From start to finish, it can take two days to make a batch of drug in a 30-litre reactor (currently thought to be the largest feasible), although quality control might add to the time needed.

The exercise begins with a two-hour process to make a long chain of RNA. This requires a DNA template, four different nucleotides and an enzyme to link the nucleotides together in the correct order.

Once that’s done, another enzyme is added to degrade the DNA template, which takes about 15 minutes. Purification is next — again, relatively easy, because the mRNA is the largest molecule in the mix, and there are no living cells or cell debris to eliminate.

The next stage is to stabilize the RNA by encapsulating it in lipid nanoparticles. By streaming the RNA and the nanoparticles together, the latter self-assemble around the former, in a process that takes about a day.

Next, glass vials are filled with the vaccine substance. One filling line can fill around 400 vials per minute, and can operate around 60% of the time on a yearly basis. The remaining 40% of the time is needed to prepare a line for future filling. One filling line could fill 126 million vials a year.
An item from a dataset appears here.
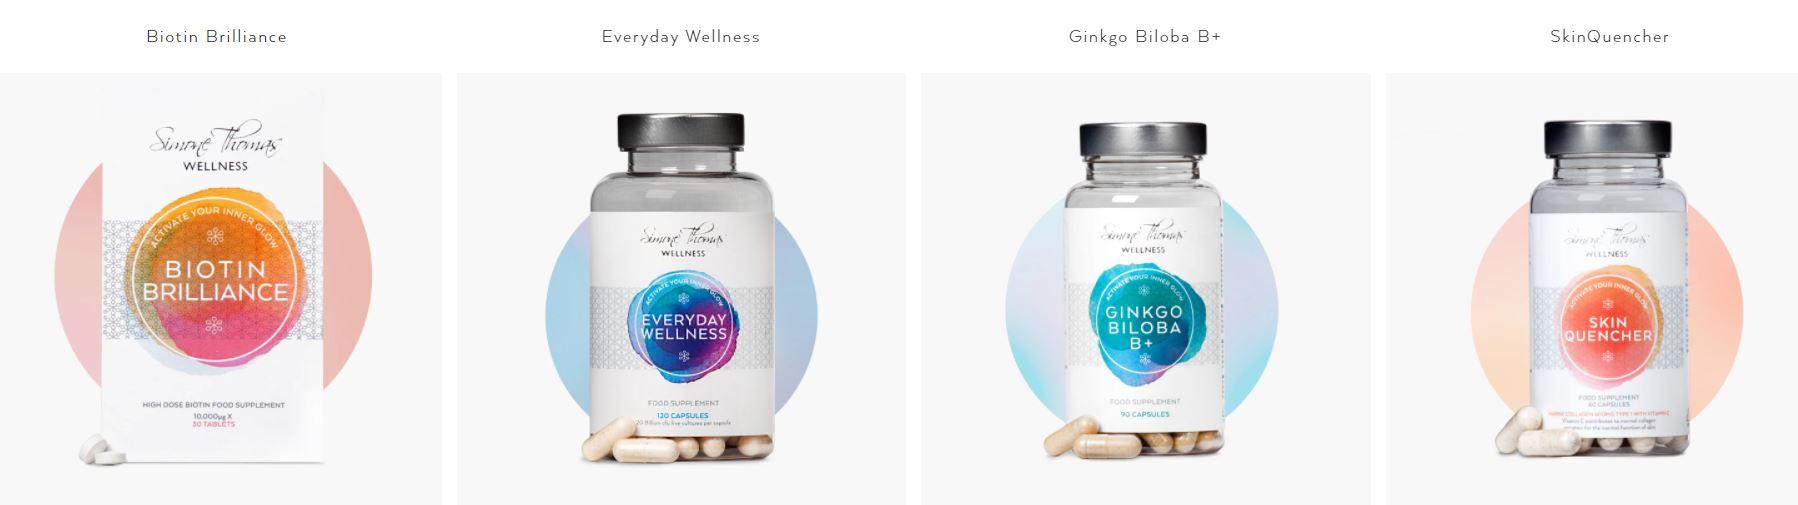 Simone Thomas Wellness products

The technical challenge lies mostly in preventing the notoriously fragile RNA from degrading. Even once it is protected inside the lipid bubbles, very low temperatures are needed to keep it intact. “It’s a challenge, but once you have the people who know how to do this, it’s more like a standard procedure,” says Kis.

That's why drug manufacturers that have never made vaccines before are now considering getting into mRNA, and that could be game-changing for production capacity, says Martin Friede, head of vaccine development at the World Health Organization in Geneva, Switzerland. “Some people don’t realize what they are sitting on,” he adds.